Карлос Фуэнтес, один из самых значительных писателей Мексики (род. в Мехико в 1928 г.), у нас в стране широко известен своими романами «Край безоблачной ясности» (1958, русский перевод 1980) и «Смерть Артемио Круса» (1962, русский перевод 1963), а также повестями и рассказами.
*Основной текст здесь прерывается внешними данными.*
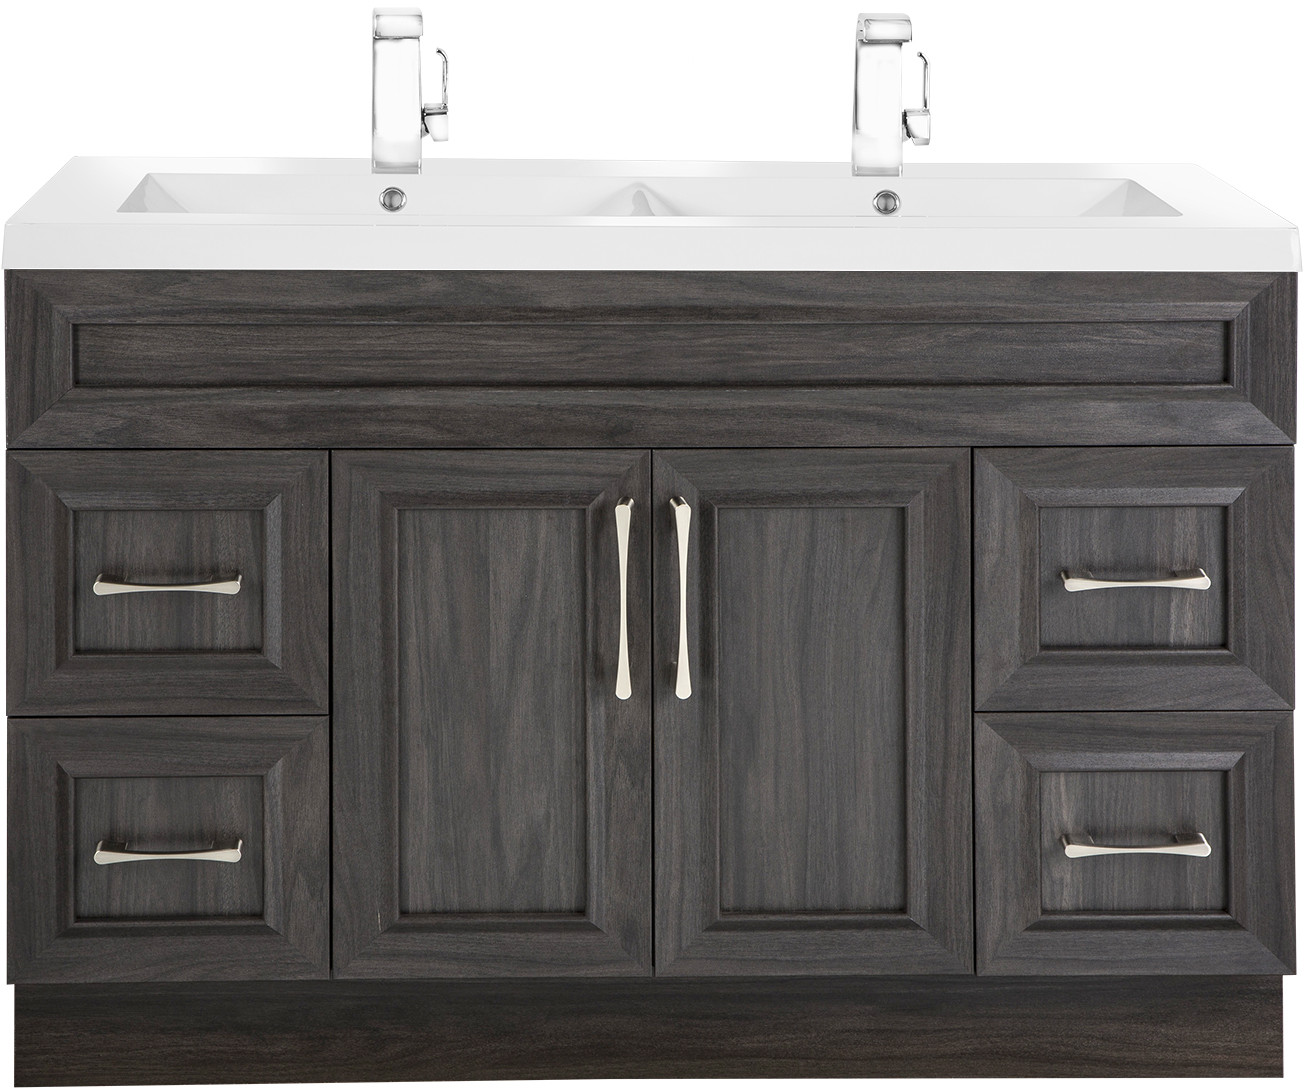 48 Inch Freestanding Double Bowl Vanity, Can A 48 Vanity Have 2 Sinks

В данном сборнике он представлен повестью «Сожженная вода».
Рене Авилес Фабила, автор цикла новелл «Возвращение домой», «В волчьей шкуре», «Мириам» (род. в 1940 г. в Мехико), по образованию юрист-международник, у себя на родине публикуется с конца 60-х годов; наиболее известные его произведения: «Игры» (1967), «К концу света» (1969), «Дождь не убивает цветы» (1970), «Великий отшельник из дворца» (1971), «Исчезновение Голливуда» (1973).
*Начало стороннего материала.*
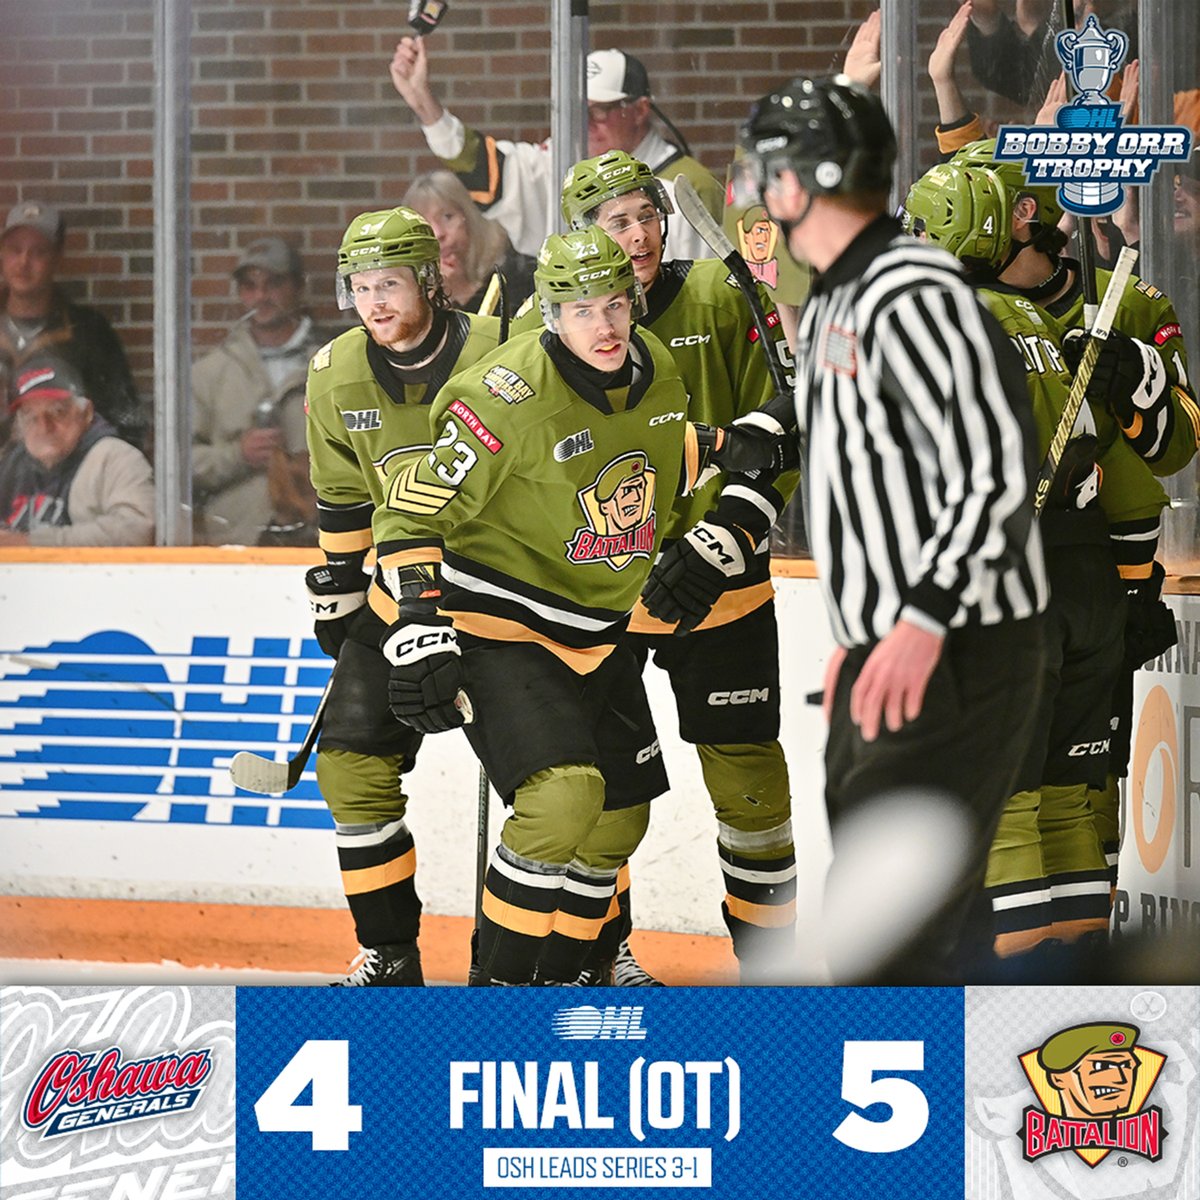 The @OHLBattalion scored late in the third and capitalized in overtime to force Game Five in Oshawa! Sandis Vilmanis (#TimeToHunt) scored twice and added two assists to help the Battalion earn their first victory of the series. #OHLPlayoffs | #OSHvsNB

Хосе Эмилио Пачеко, автор повести «Сражения в пустыне» (род. в 1939 г. в Мехико); с начала 60-х годов выступает в литературе не только как прозаик: «Далекий ветер» (1963), «Ты умрешь далеко отсюда» (1967), «Принцип наслаждения» (1977), но и как поэт — сборник «Не спрашивай меня, как проходит время» (1969), «Дрейфующие острова» (1976) и др.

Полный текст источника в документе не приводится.